Revue de presse n°22

Semaine du vendredi 26 octobre au jeudi 1er novembre 2012

Vendredi 26 octobre

Areva : faillite ou prospérité ?

  • Article de l’Usine nouvelle : « Carnet de commandes record pour Areva »

L’Observatoire du nucléaire vous raconterait-il des salades (radioactives) ? En effet, alors qu’il prétend que l’industrie nucléaire mondiale est moribonde, en particulier en France, voilà qu’on nous annonce que le carnet de commande d’Areva est bondé, et que le « géant » du nucléaire va pour le mieux.

Voici l’explication : environ 380 réacteurs nucléaires fonctionnent actuellement sur la planète. Ils sont pour la plupart anciens et leurs exploitants dépensent des sommes folles pour les rafistoler. C’est ce phénomène qui explique les commandes dont se gargarise Areva. Mais il ne s’agit que du fonctionnement de routine du parc nucléaire mondial, lequel s’étiole et se réduit lentement mais sûrement.

Ce qui est important pour évaluer l’avenir d’Areva, ce n’est pas les commandes conjoncturelles mais bien la tendance d’ensemble de cette industrie.
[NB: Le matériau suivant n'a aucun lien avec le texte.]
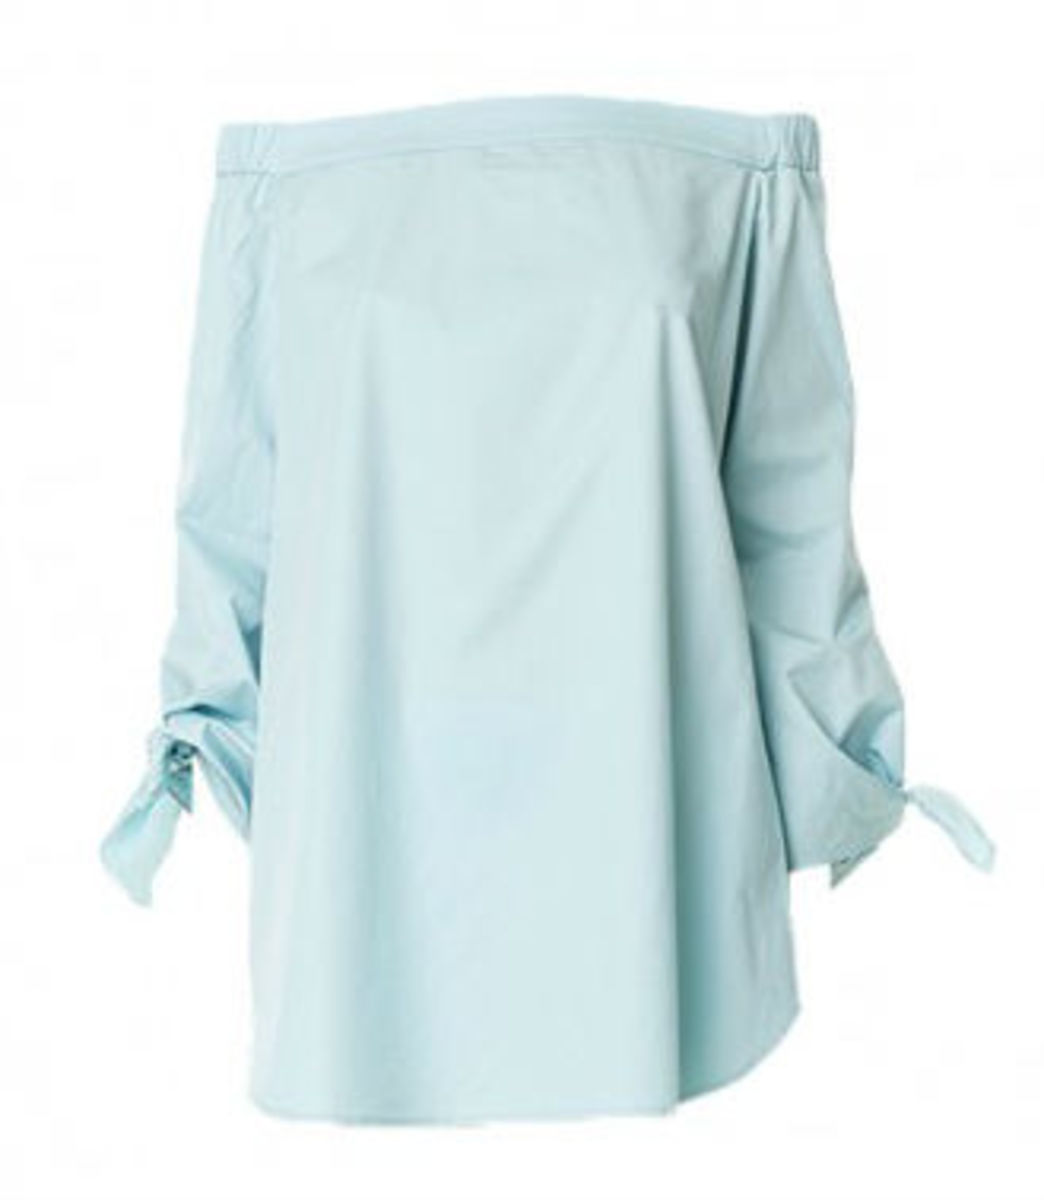 tibi-satin-poplin-off-the-shoulder-blouse-mizu-blue-ts215spp73658.jpg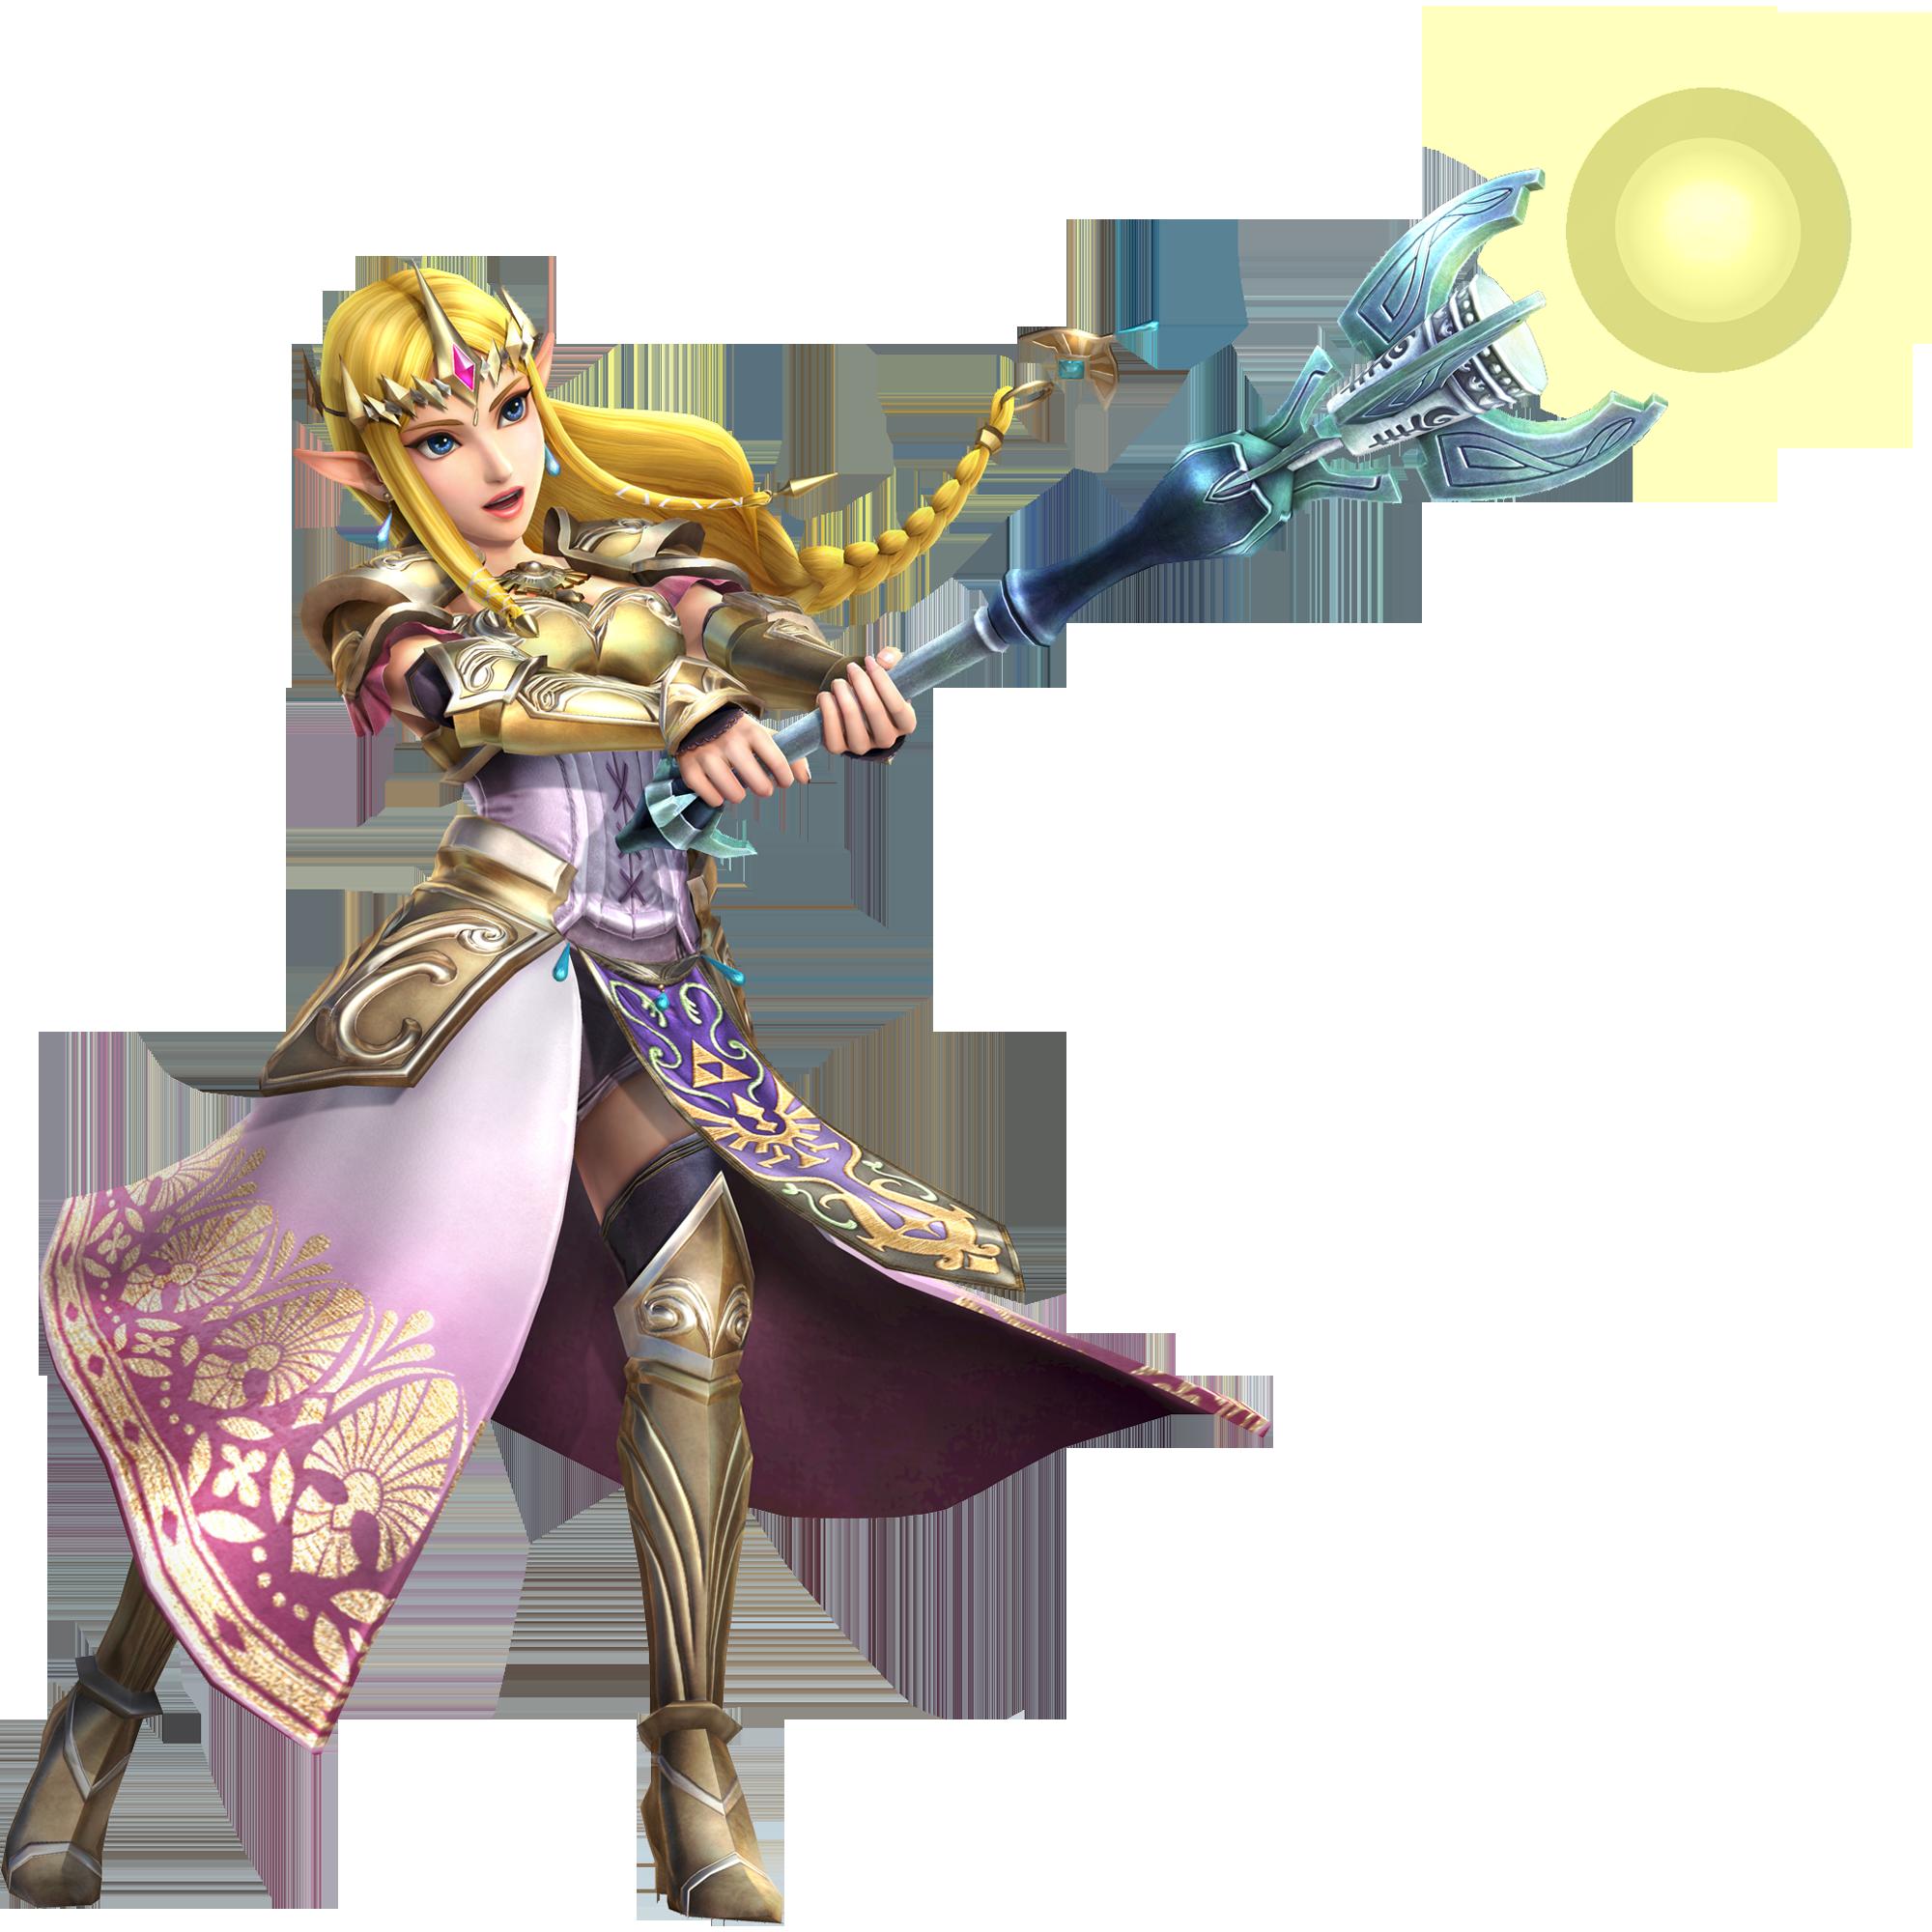 Dominion Rod Hyrule Warriors Zeldapedia Fandom

Et là, c’est la « gueule de bois » : des pays ont rejeté l’atome (par exemple Italie et Lituanie, par des référendums), d’autres ont décidé d’en sortir (Allemagne, Belgique, Suisse, Espagne, Québec, etc), ou d’annuler des projets de réacteurs, jusqu’à la Chine qui a rayé d’un trait l’équivalent de 50 réacteurs en projet (cf revue de presse de la semaine dernière).

Comme dit si bien le vain ministre du « redressement productif », Arnaud Montebourg, « C’est à la fin du marché qu’on compte les bouses ». Nous rajoutons : « Et qu’on constate qu’on est dedans » (la bouse). Jusqu’au cou. Et jusqu’au coût.
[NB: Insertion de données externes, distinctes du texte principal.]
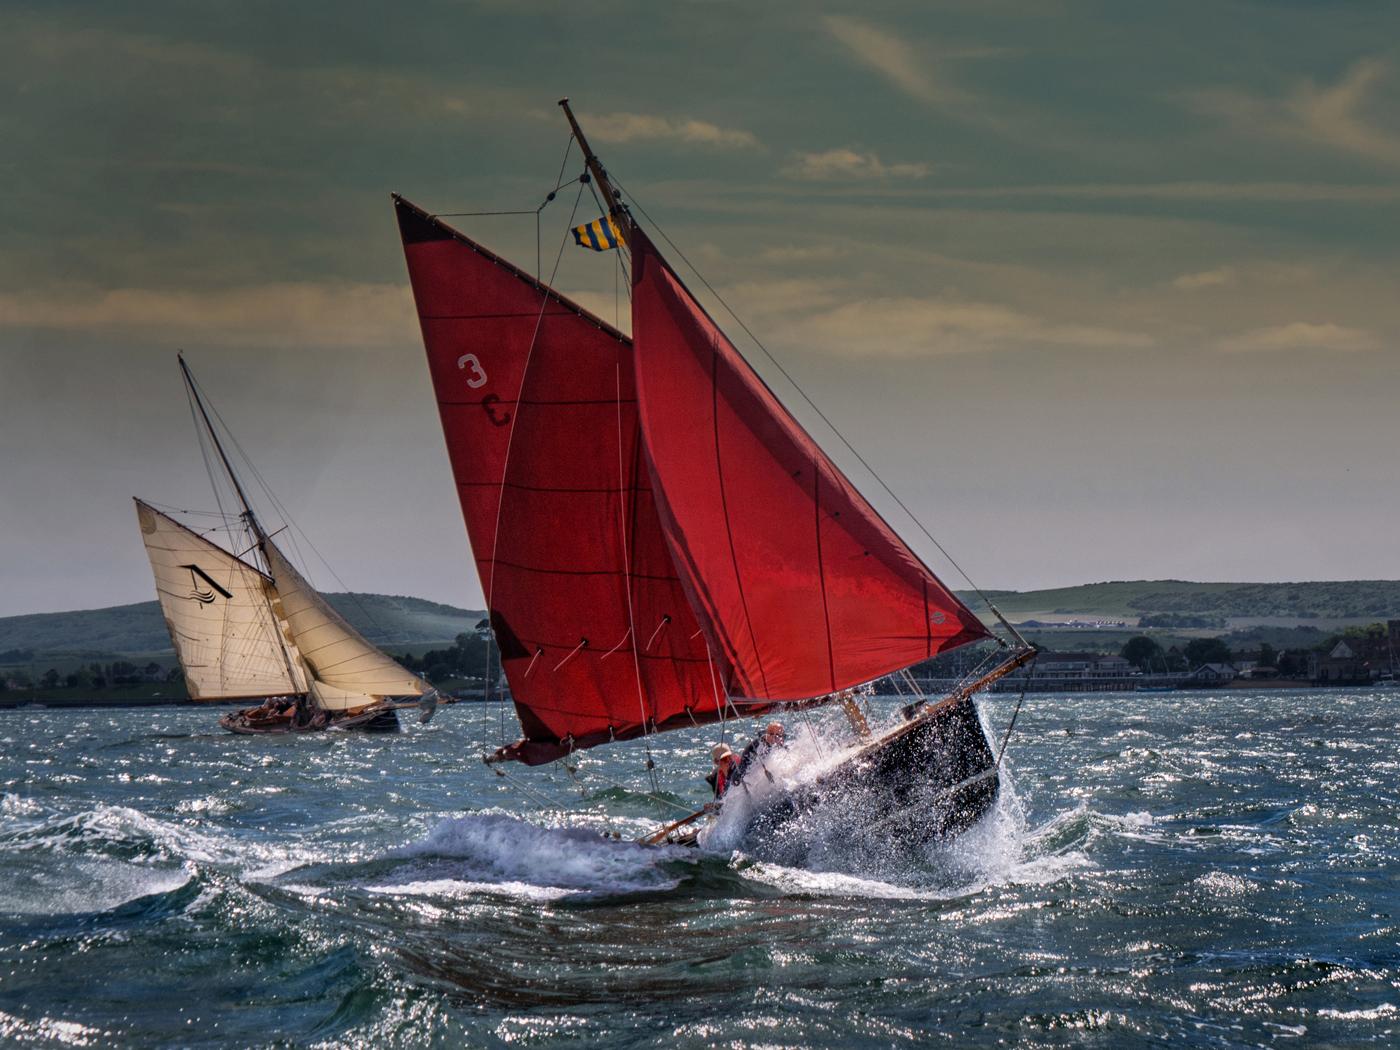 'Sea Spray' by Ian Porter

Le lobby nucléaire tente de maintenir le moral des troupes

  • Article (?) de l’Est Eclair : « La nouvelle génération du nucléaire en visite »

Cet « article », ou plutôt ce publi-reportage, nous apprend que la pseudo « nouvelle génération du nucléaire » est constituée « d’une cinquantaine de salariés d’Areva, du Commissariat à l’énergie atomique, de l’Agence internationale de l’énergie atomique, entre autres ». Et qu’ils sont « venus du monde entier ».

Ces « jeunes » (au vu de la photo, la jeunesse du lobby nucléaire semble déjà passablement usée) ont subi le traitement qui est habituellement infligé à d’innombrables collégiens et lycéens de France, à savoir un véritable bourrage de crâne.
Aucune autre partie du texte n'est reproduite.